As far as the the role of the unordained in evangelism, Paul calls women sunergoi as well and speaks of them laboring in the Gospel work.

---------- Post added at 06:48 AM ---------- Previous post was at 06:44 AM ----------

Also, it is not the church's job to raise sanitation levels, but it is the churches job to care for widows and orphans and Christians have always been at the forefront of helping the humanitarian conditions of the people to whom they are ministering. Should William Carey have been rebuked for focusing on eliminating sati, or the missionaries to Japan been chided for eliminating foot binding when they should have been focusing on the Gospel? I think many operate with false dichotomies of Gospel preaching versus social action, when we should be vigorous in every realm.


----------



## Contra_Mundum (Mar 19, 2010)

Joel S.,

I'm responding to the list as given; I'm not writing a comparable article.

My responses to the article are coming from a Reformed perspective, and the article is criticizing "missions" as (currently and widespread) practiced, and is not presenting that criticism from a Reformed perspective. Therefore, both mission-errors and the writer's basic perspective are fodder for analysis.

Responding to your commentary on mine, I will offer the following:
1) Missionaries need to figure out what their basic job is. Frankly, the article seems to criticize a narrowly focused "get-em-saved"-mission, to which they
(in?)advertently lump a "whole-counsel of God" ministry. And what is the substitute? Sounds like the old social-gospel repackaged. Great. So, the answer to the last century's failed liberal-program is... rope the conservatives back into the game. Sorry, but ANYBODY can teach sanitation. But NOBODY but a called man-of-God can preach the gospel. And the gospel is NOT simply the "door" into Christianity or heaven, but it is the daily sustenance of the Christian in this world.

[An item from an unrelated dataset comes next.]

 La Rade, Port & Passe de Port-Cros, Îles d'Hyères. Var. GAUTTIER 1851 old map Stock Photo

Myself being a former missionary-kid, living in a Middle East Islamic culture, I hope that as you go out to serve, you don't spend up to 50% of your time on the field focusing on encouraging whatever converts you gather (by God's grace) to "change the culture around them." Emphasizing Christians as "change-agents" rather than "those being changed from one degree of glory into another" results in less personal/internal change, which translates into no family and culture change for the better in the long run.

2) I think an unordained person can be useful on the mission-field. Is a wife "useful"? Doctors & Nurses? An educator for missionary children? All these and other persons can be invaluable to a mission station. But without the Preacher of the Gospel, what is going on? The notion that the church is just a bunch of Christians, and if they have a preacher then "lucky for them," is unbiblical, and unReformed.

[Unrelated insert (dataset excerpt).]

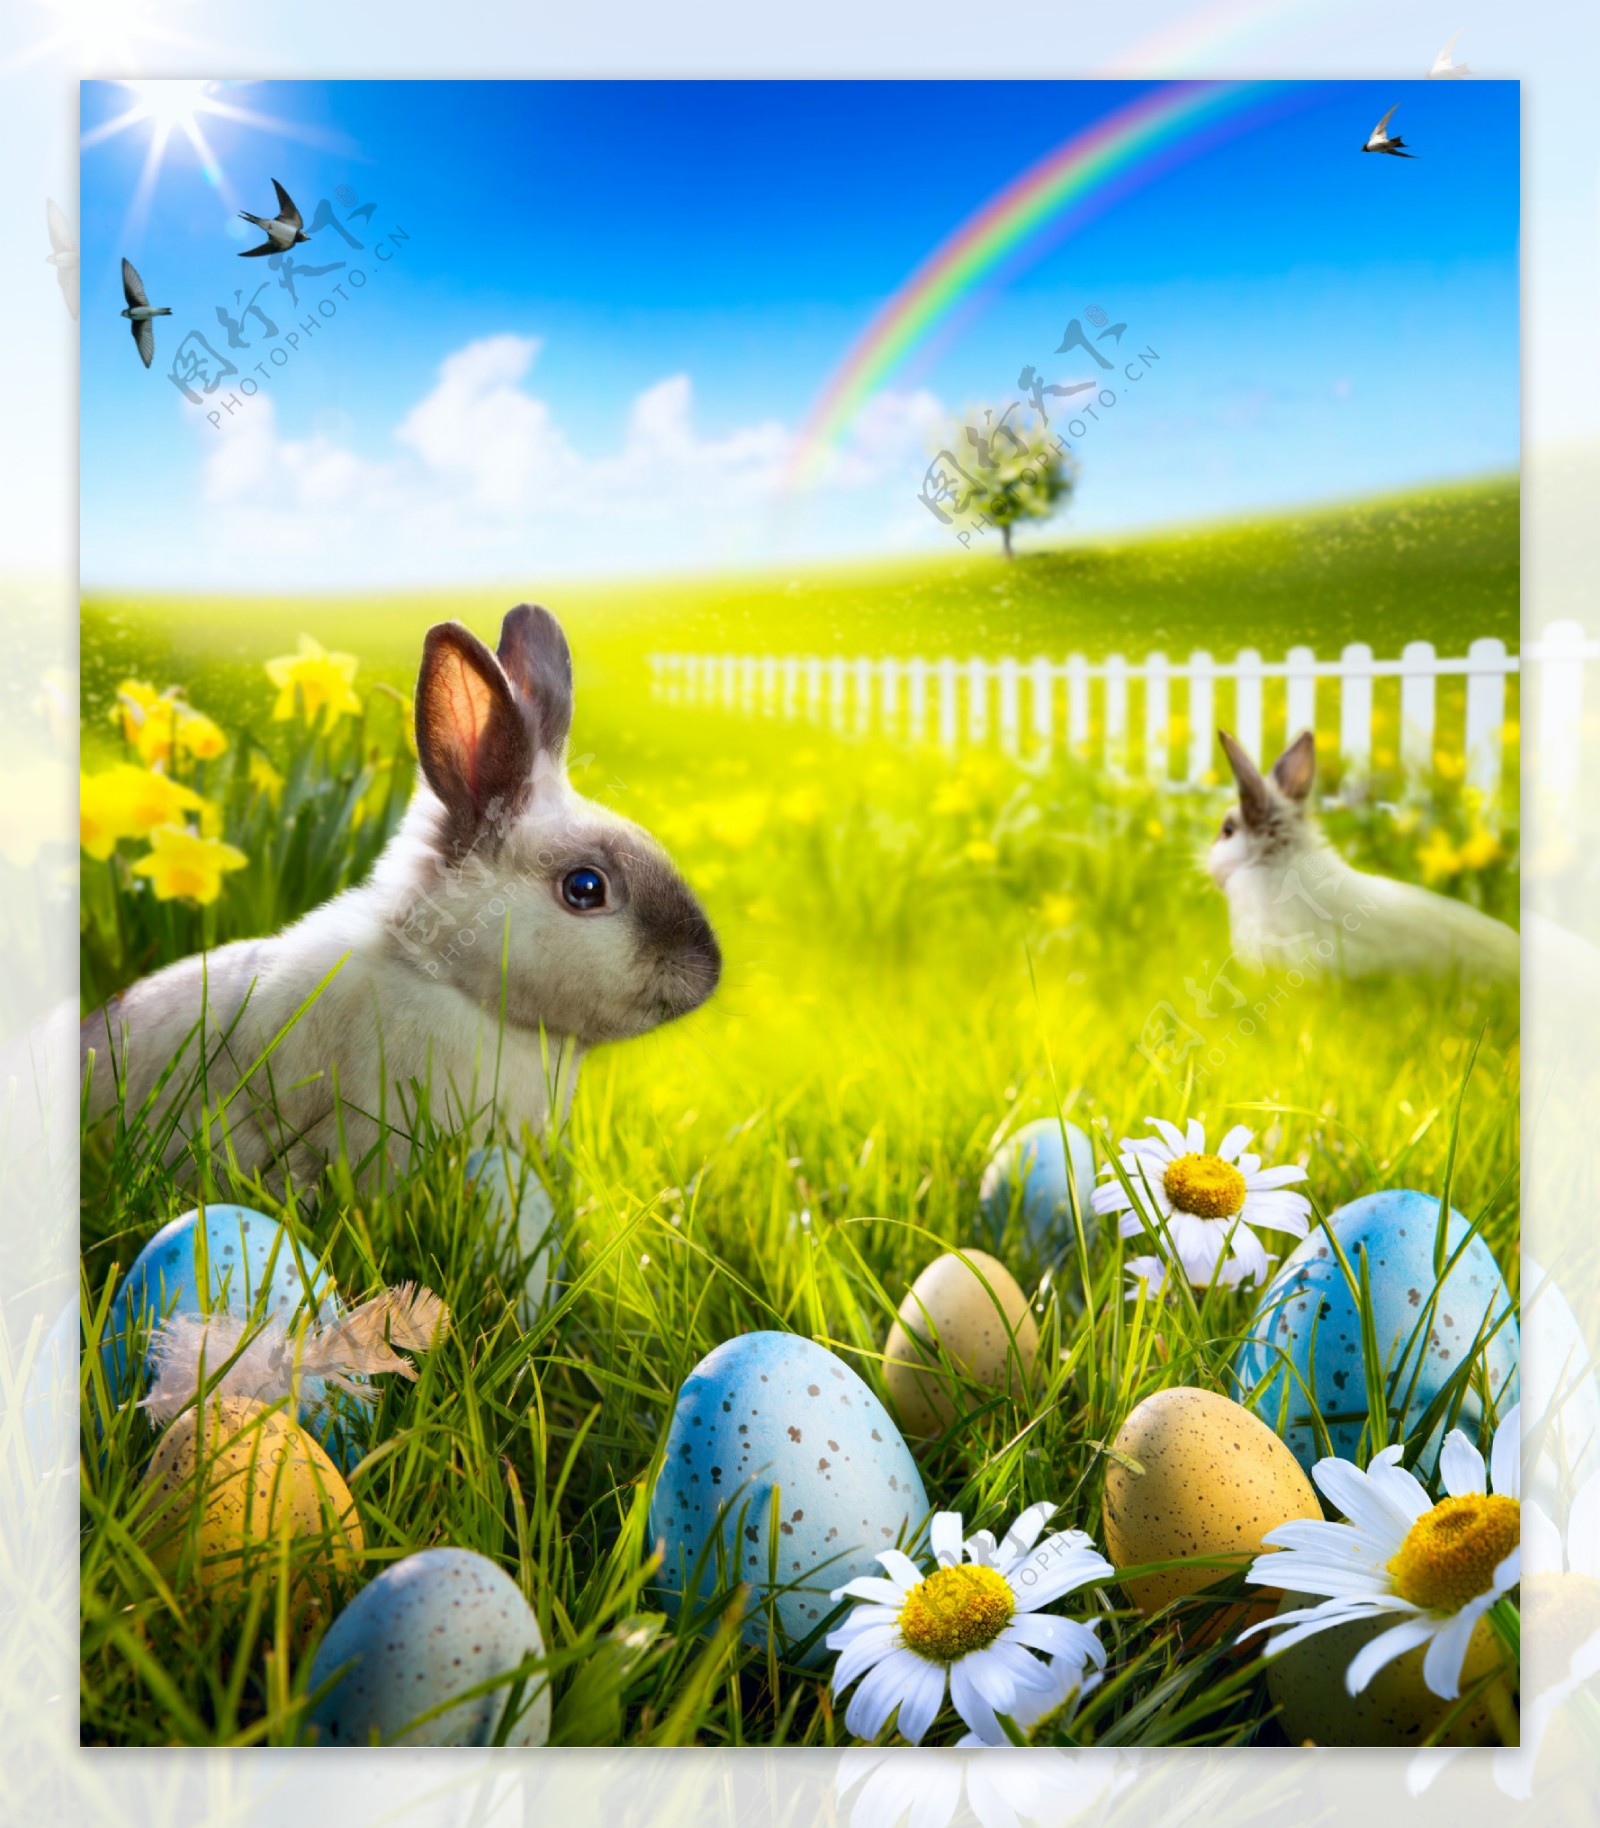 彩虹与复活节彩蛋兔子图片

3) Re. "follower of Jesus," etc.,
The notion of code-references, or abandoning biblical terminology because of pragmatism... why? There have been Christians in the Middle East long before there were Christians in Britain, or (much) later, the US, or anyplace "western." The answer isn't in adopting some new nomenclature, or trying to camouflage one's identification, or verbally disassociating oneself from "the west" or the present (often moribund) Eastern or Roman church.

What is foolish and wrong is telling converts to "change your name from 'Mohammed' to 'Peter'". It is proper and bold to baptize (nice thing about sprinkling, it fits right into a wilderness-culture; you can do it anywhere, and requires no special facility or fanfare), and take "the Name" of Christ. It is inane to compel people to drop their "cultural" markers, such as separate seating for men and women, or even standard clothing. It is commendable for Christians to suffer for doing good. I think some of the biblical writers actually said something specific about that...

4) Trust me, I know first hand what sort of difficulties there are in getting into some closed-off places, and what sort of visas one needs to obtain, and how long they can be for, and how many times they can be renewed, etc. However, I would recommend being about as open and guileless in your intentions as you can possibly be. It is much easier to deport some guy who thought he could falsify his premises for entry, than to be up-front about your activities. "Undercover" Christian-work is generally counter-productive. The more you hide stuff, the more likely the suspicious and paranoid authorities are to think you are really foreign secular govt agents.

5) Re. medicals:
Of course, Doctors are great. So are a variety of laborers for the physical good of people. That's not the question. The question is: is that foundational? No. If that were the case, then Jesus would have made "healers" one of the permanent church-officers. Miracles of healing accompanied the founding of the NT Age, and the inscripturating of the Word. Those SAME miracles now accompany the Word, being a part of the record of revelation. So, no labors of doctors (or even miracles) are necessary accouterments of the gospel. Can they HELP? Sure, but if a church has a choice--send a pastor or a doctor--sending the latter is a mistake. Medicals aren't foundational.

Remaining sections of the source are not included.